Sunday, April 4, 2010

Potential for Green Blobs on Doppler

What a weekend. What a spring! It is still spring, right? Lately I have to consult the calendar or my digital day-planner to remind myself what month it is. Calendar is whispering early April - while the atmosphere is SHOUTING late May! Considering we could all be ankle-deep in slush, muttering about wind chill, or engulfed in swirling flood-waters - or dodging beach ball-size hail and raging tornadoes - I take nothing for granted. We experienced a pretty amazing Easter Sunday, all things considered, 66 degrees in the shade by mid afternoon, 16 degrees above average for April 4. To put this into perspective, the average high for April 4 is 50 degrees. In reality 50 was our observed LOW TEMPERATURE. I am at a rare and welcome loss for words. Won't last.

We're not the only ones scratching our heads, wondering what's up. Canada experienced a record-setting lack of snow and severe cold in March. Ottawa: no snow in March, the first time that's happened since records were first kept in 1845. Same story down the road in Toronto: no snow in March. The average March snowfall in Toronto is 9", 16" in Ottawa. Local meteorologists are blaming/thanking El Nino for keeping the storm track anchored well south, whisking powerful Pacific storms across the southern U.S. and then right up the east coast. While the northern metro of the Twin Cities experiences a (growing) moderate drought, New England is still mopping up from a 1 in 100 year flood. They're calling it a 1 in 500 year flood in the Providence, Rhode Island area, where 10" of rain fell over 3 days. That's 3 MONTH'S worth of rain in less than 72 hours. Remarkable.

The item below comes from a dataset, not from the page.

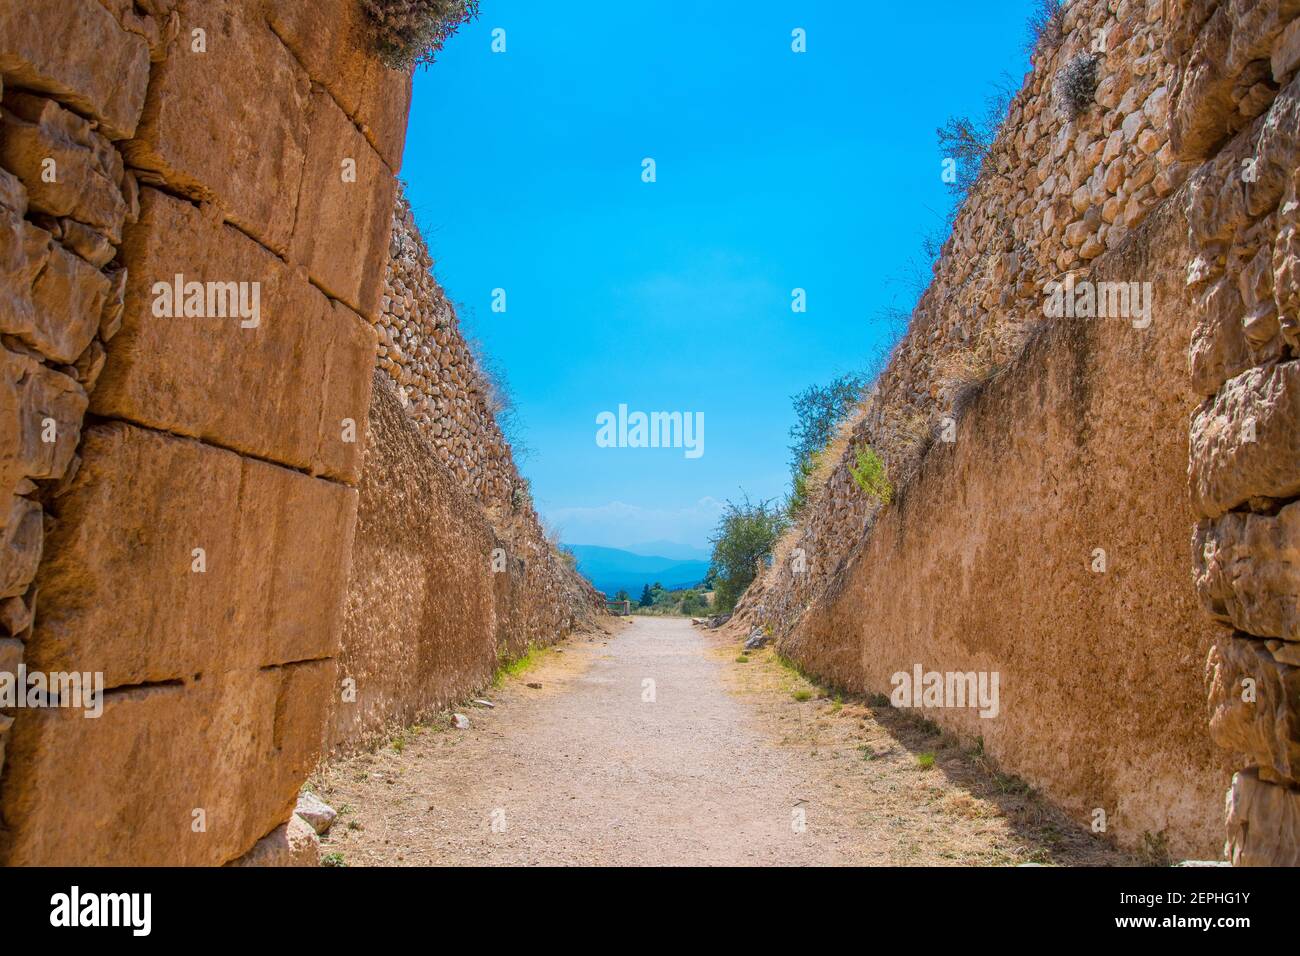 Coming out from the 'Treasury of Atreus' or 'Tomb of Agamemnon' of the citadel of Mycenae. Archaeological site of Mycenae in Peloponnese, Greece Stock Photo
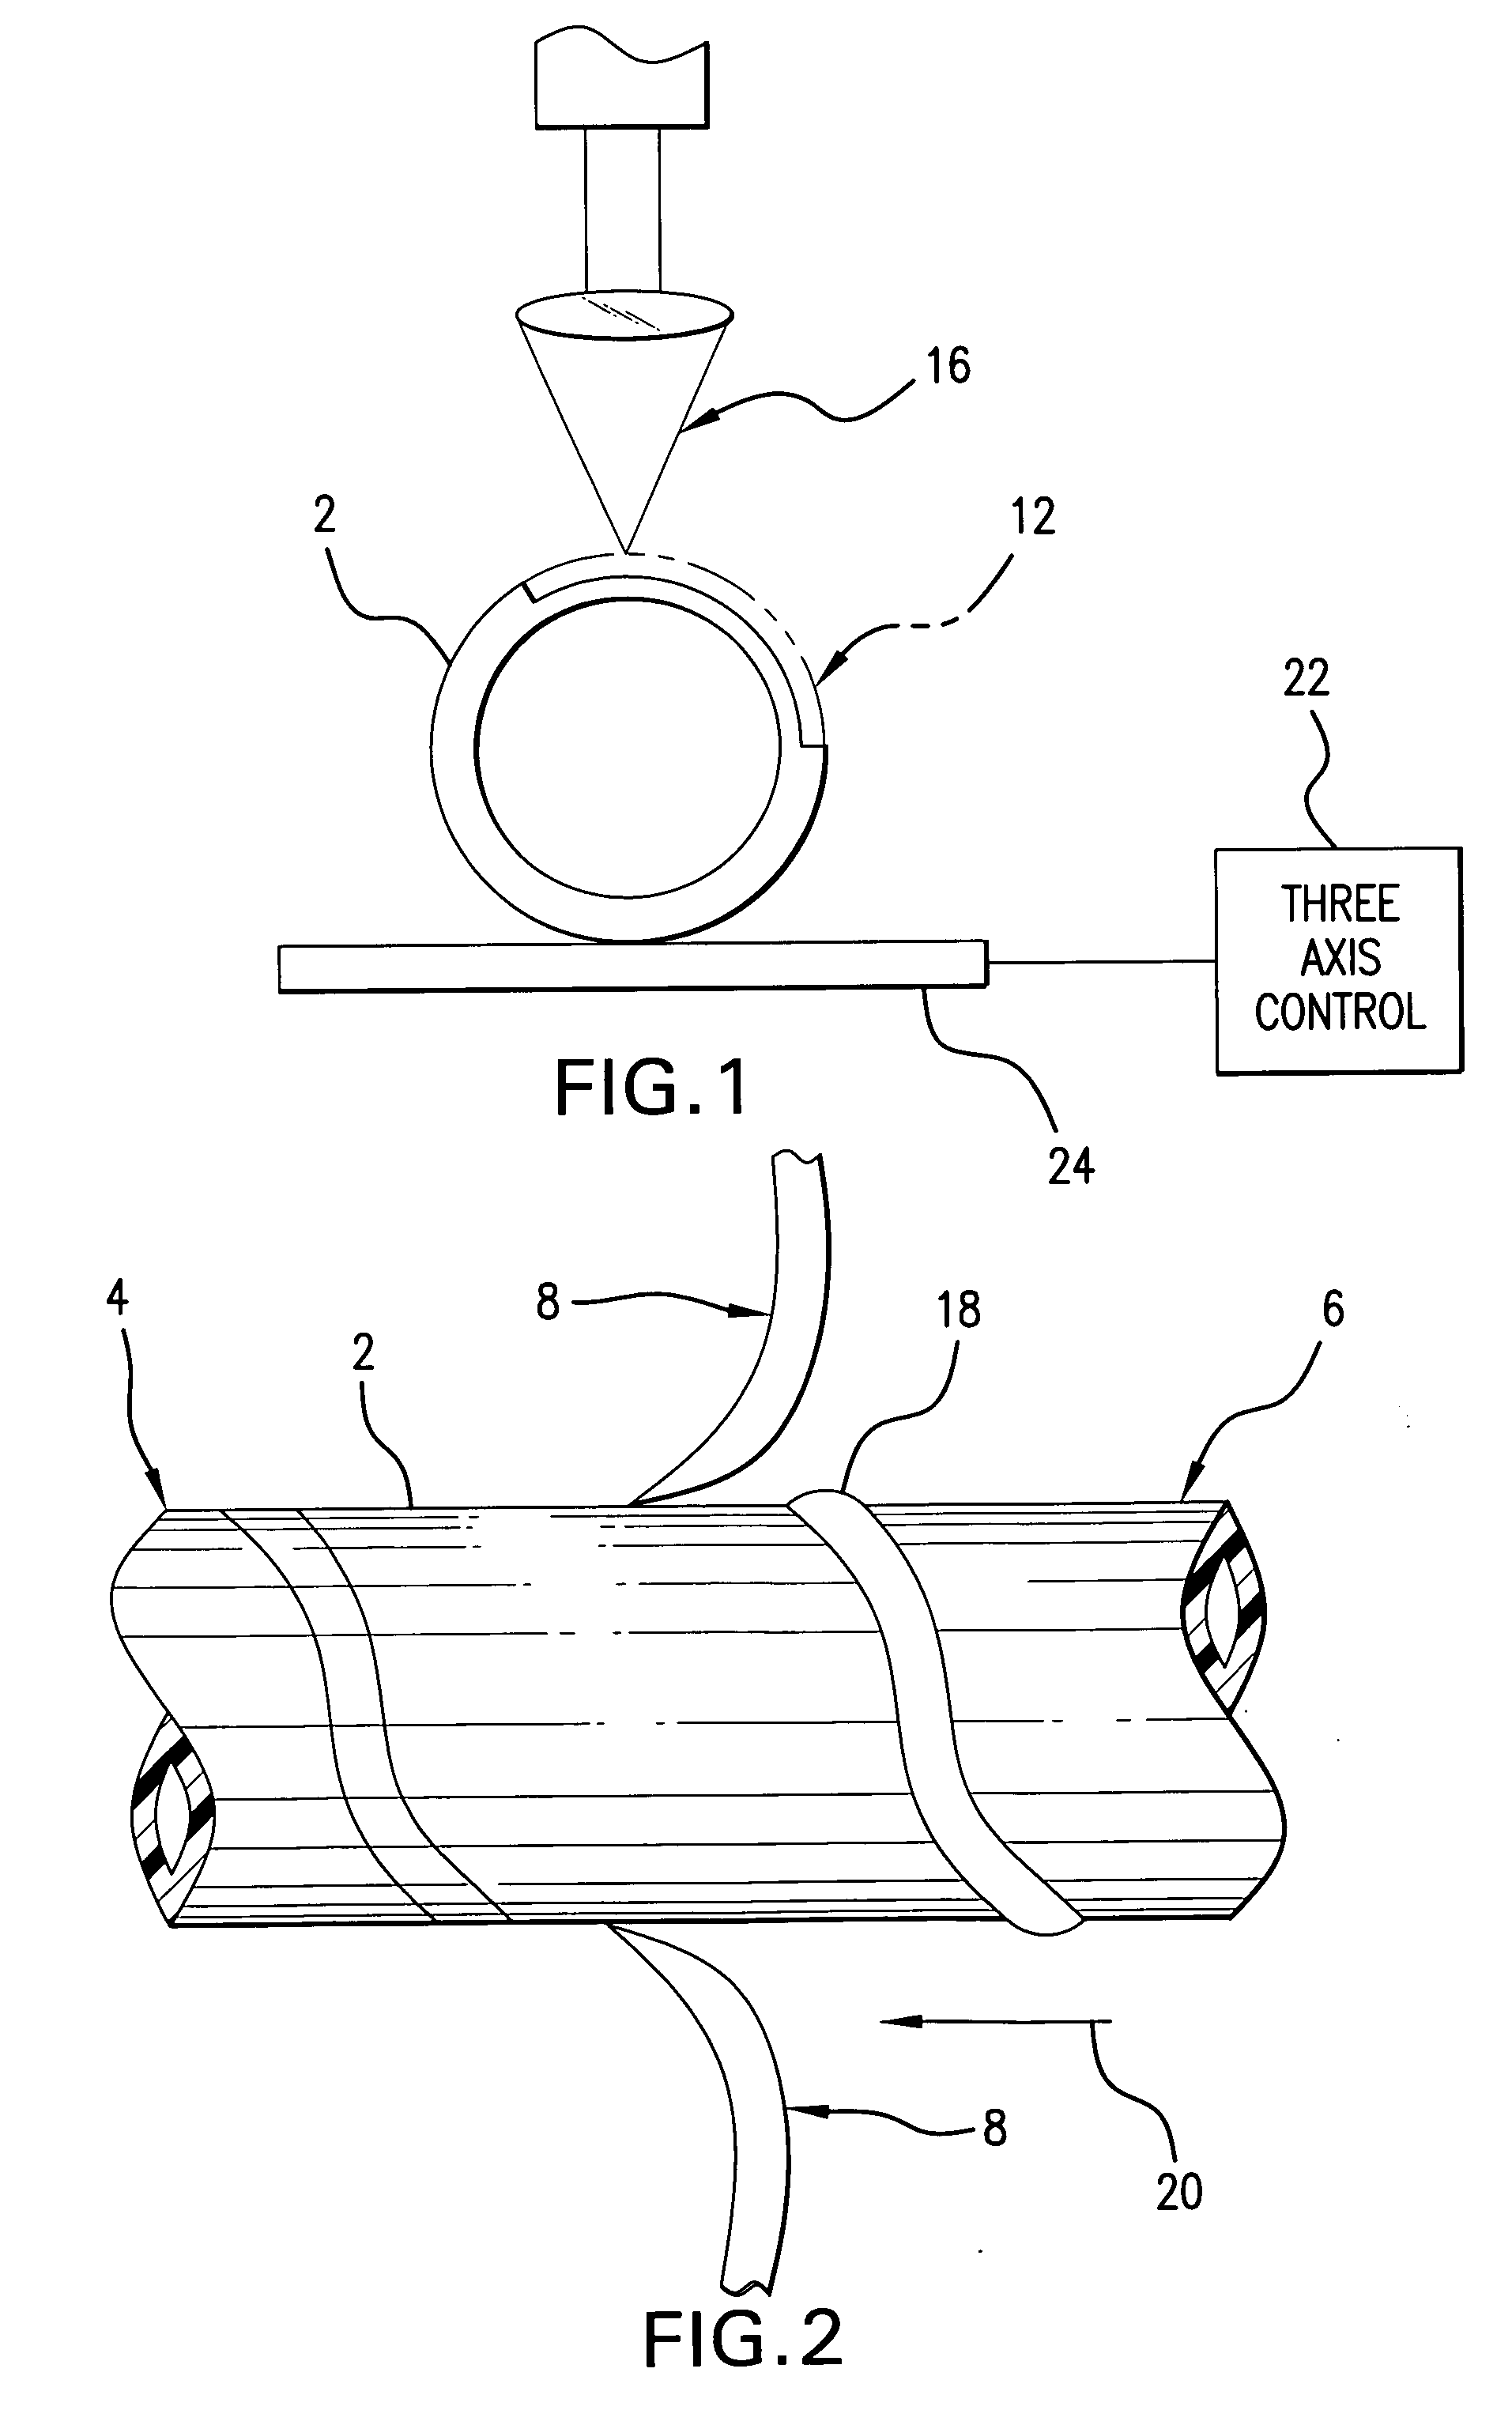 Polymer tube with embedded electrically conductive patterns and method for providing electrically conductive paths in polymer tubing

Going...Going...Almost Gone. Check out the latest U.S. snow cover map. Not much left, except for a little slush in northern New England, a few piles of dirty snow along the North Shore of Lake Superior, and GREAT snow conditions across the Rockies, where snow melt has been delayed due to a series of reinforcing cold fronts. The higher terrain outside Salt Lake City - Park City area, may see another 6-10" of snow by Tuesday. The skiers are stoked! The locals probably have other ideas...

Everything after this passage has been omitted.